• **Provided data**
----------
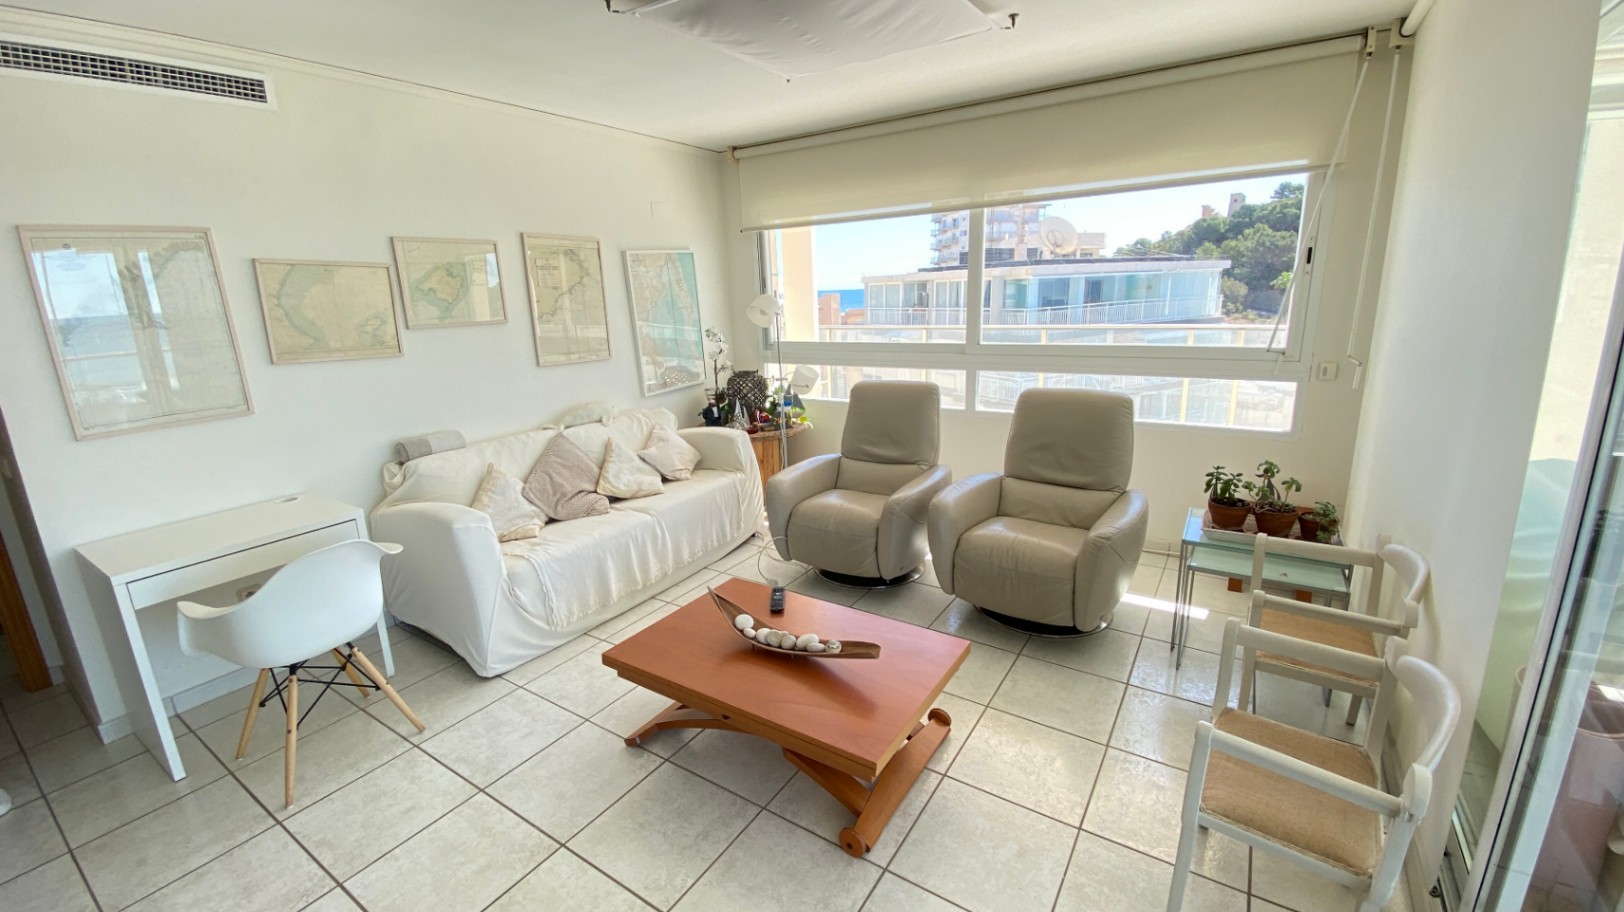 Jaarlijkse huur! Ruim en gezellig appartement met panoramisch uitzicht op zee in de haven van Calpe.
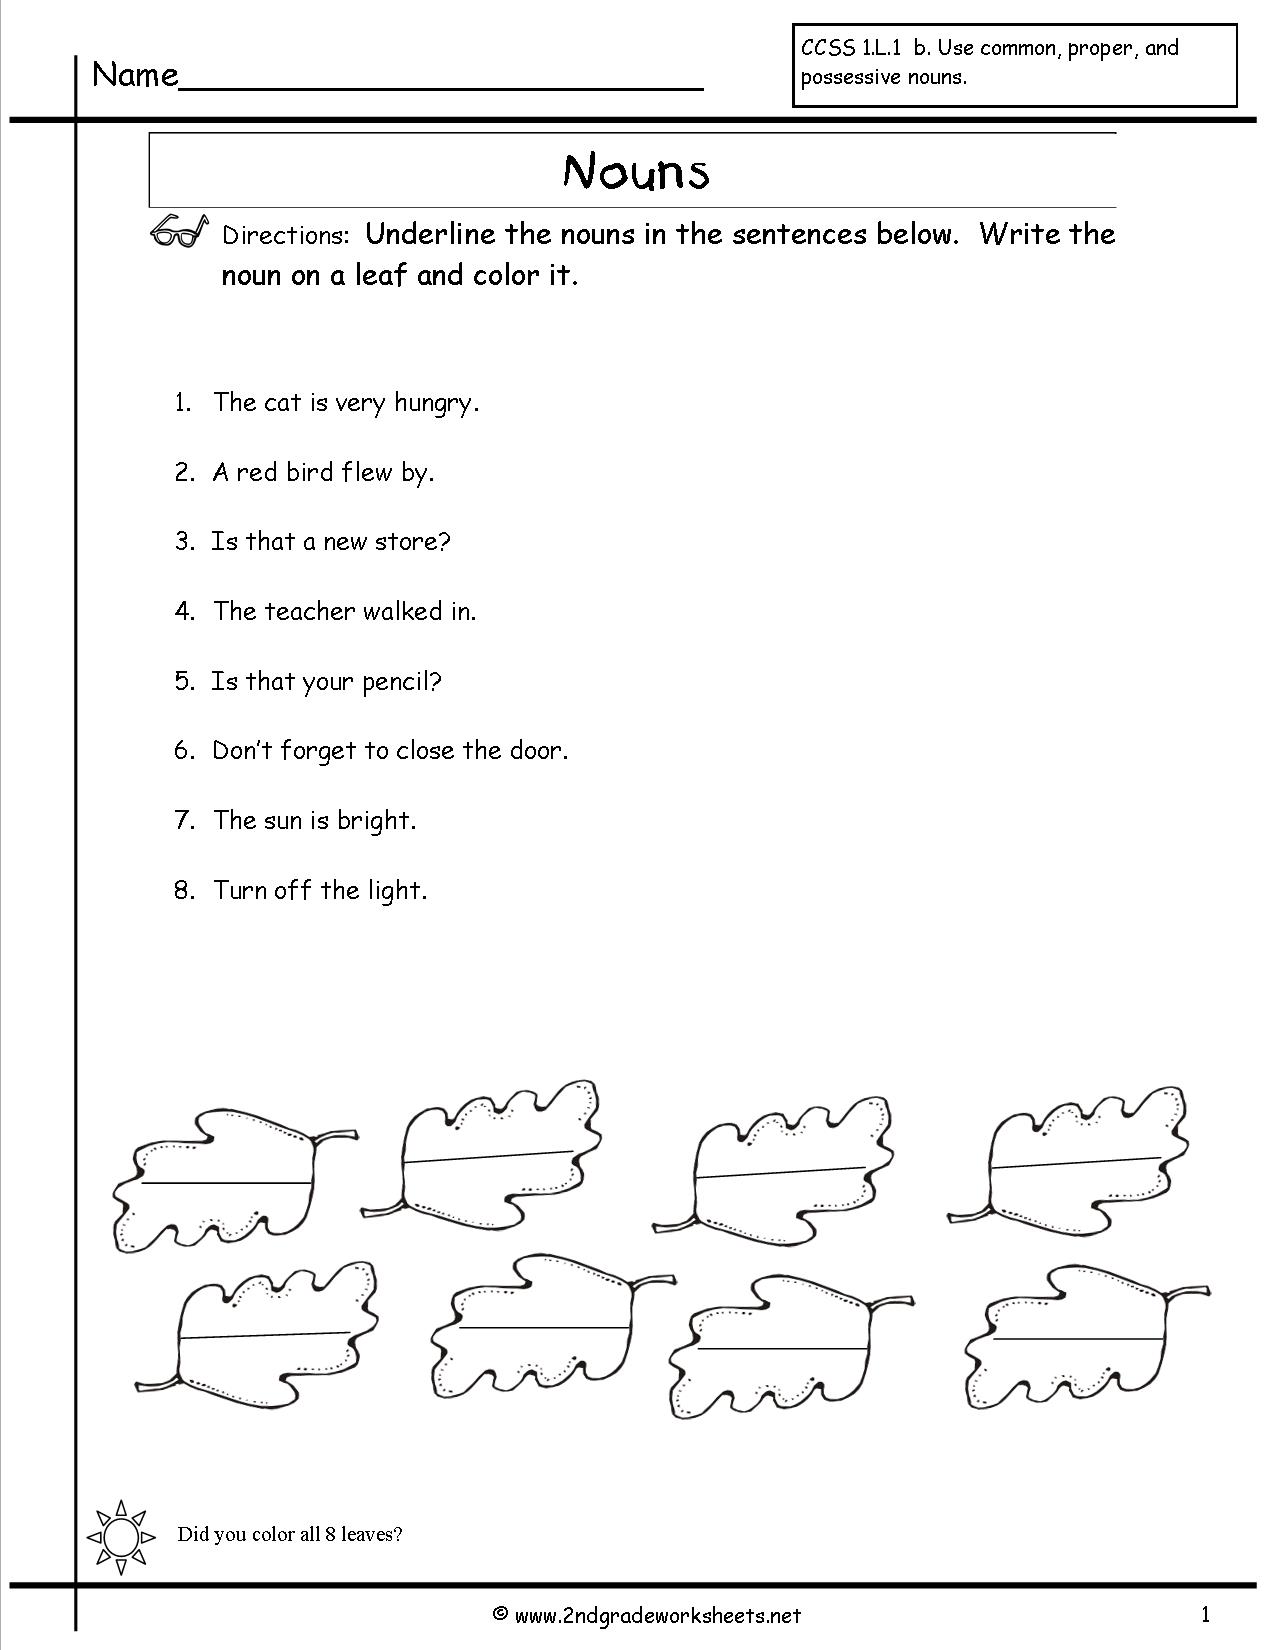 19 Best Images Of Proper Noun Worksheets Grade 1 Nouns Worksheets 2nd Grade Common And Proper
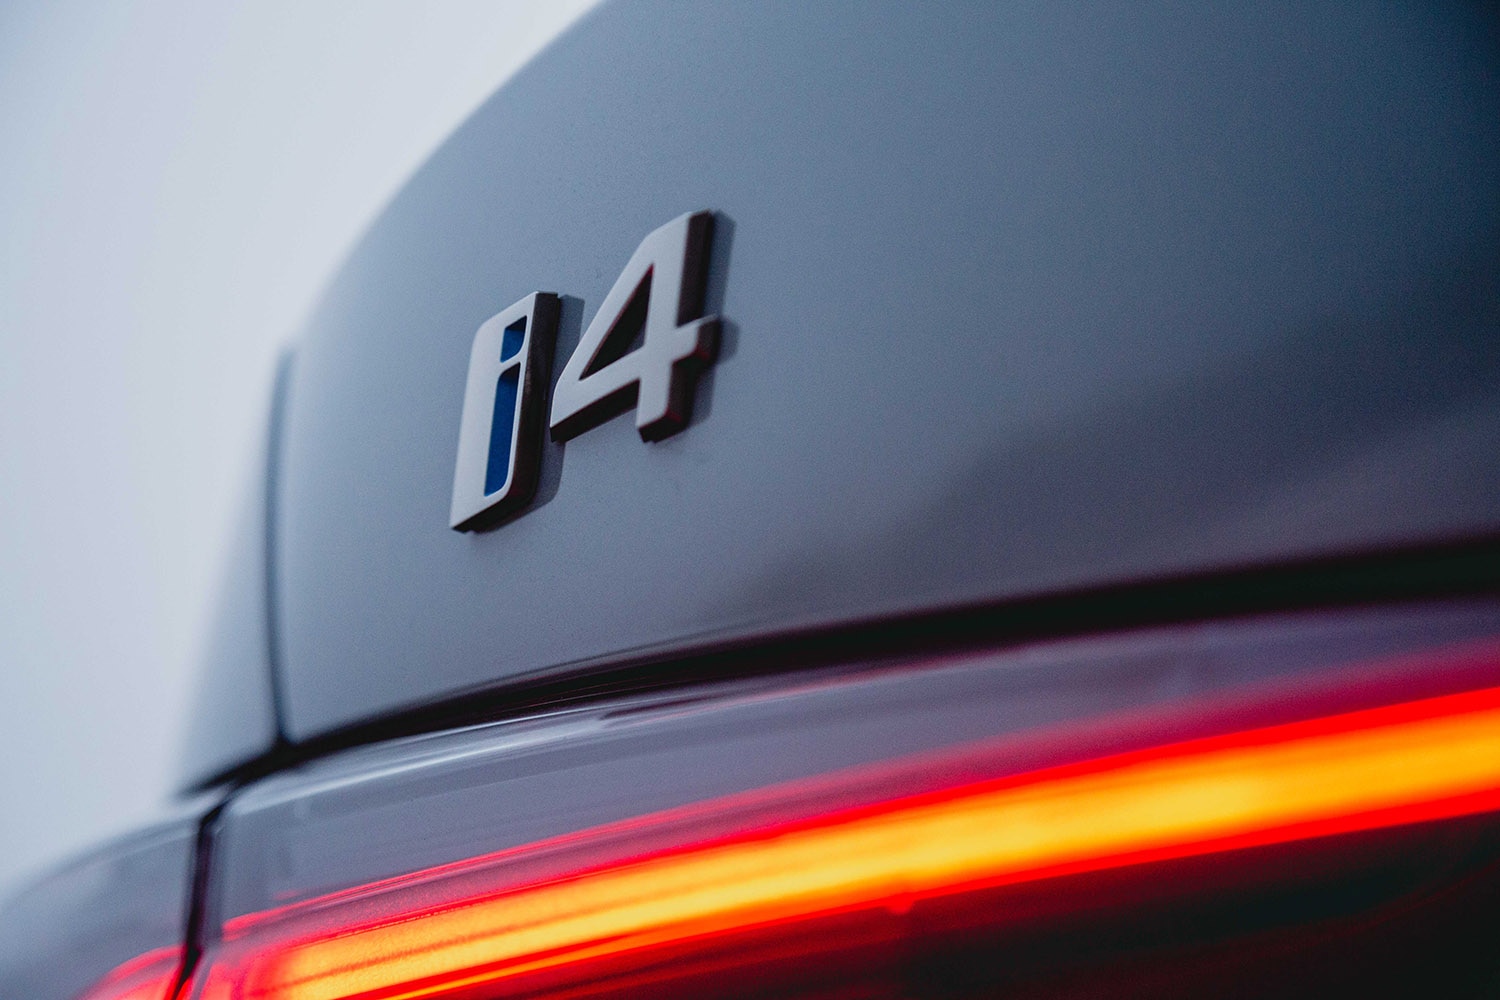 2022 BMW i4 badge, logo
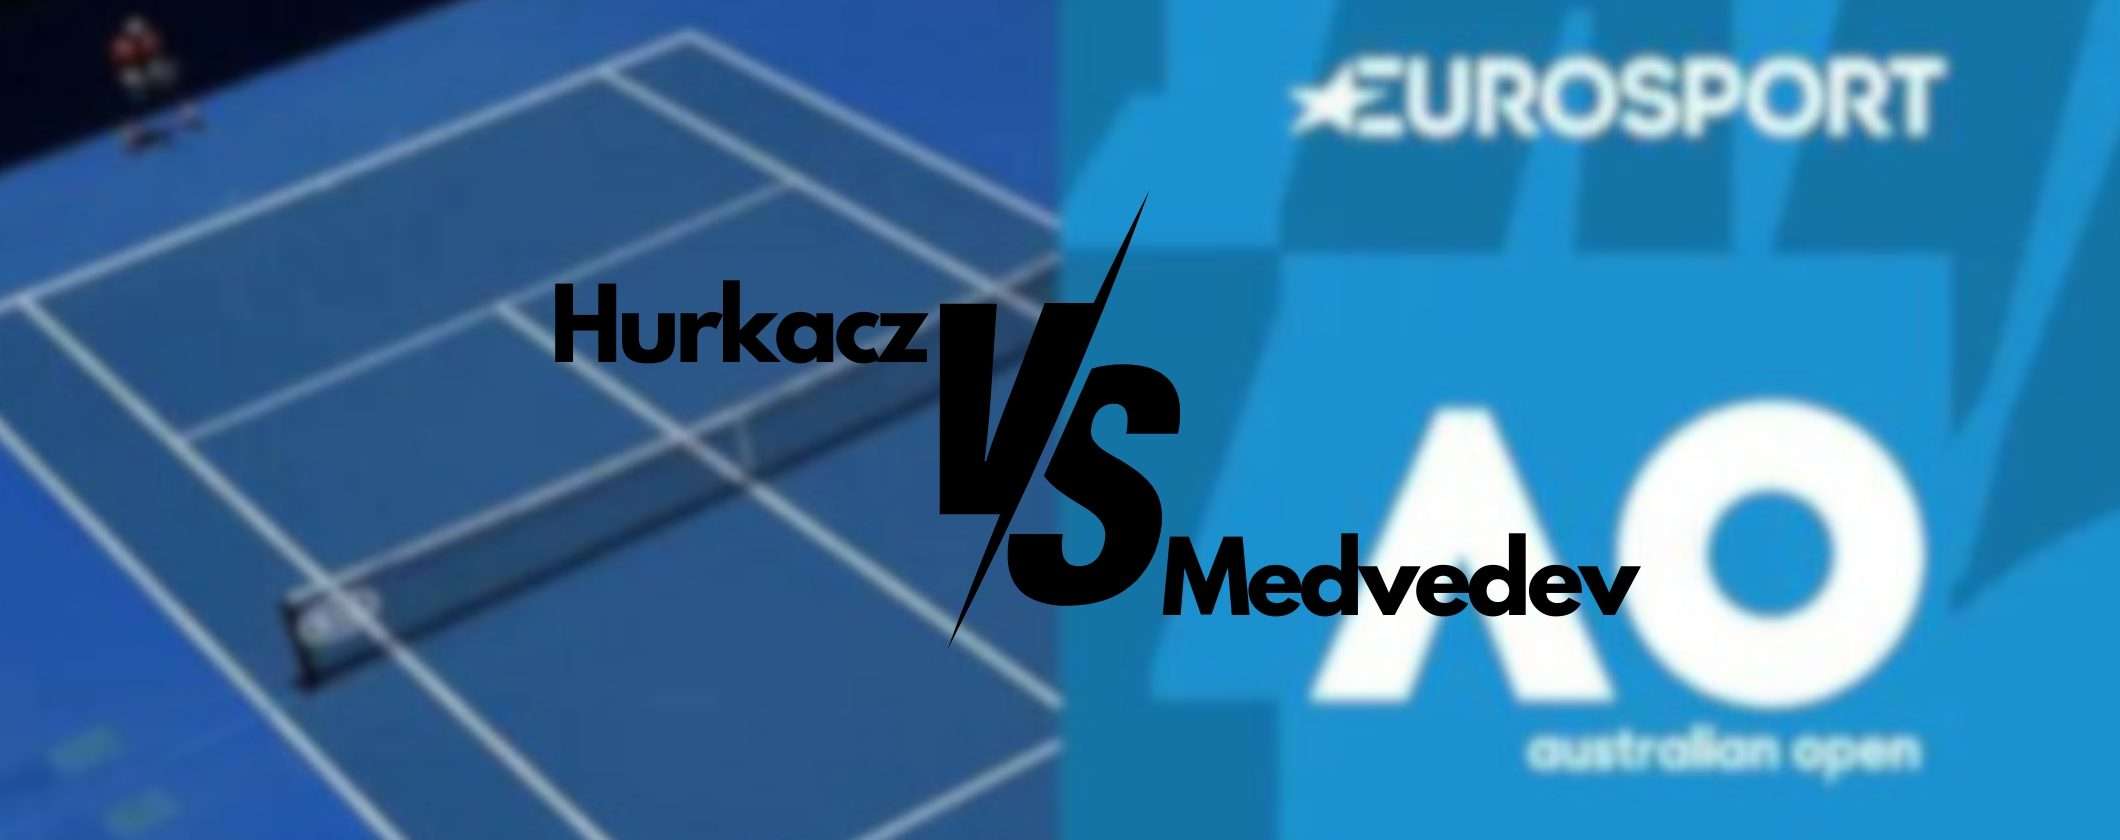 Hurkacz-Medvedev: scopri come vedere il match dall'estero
----------
• **Instructions for the task**
The copy must match the listing above exactly, except that it holds no pictures.

• **Response**
 Jaarlijkse huur! Ruim en gezellig appartement met panoramisch uitzicht op zee in de haven van Calpe.
 19 Best Images Of Proper Noun Worksheets Grade 1 Nouns Worksheets 2nd Grade Common And Proper
 2022 BMW i4 badge, logo
 Hurkacz-Medvedev: scopri come vedere il match dall'estero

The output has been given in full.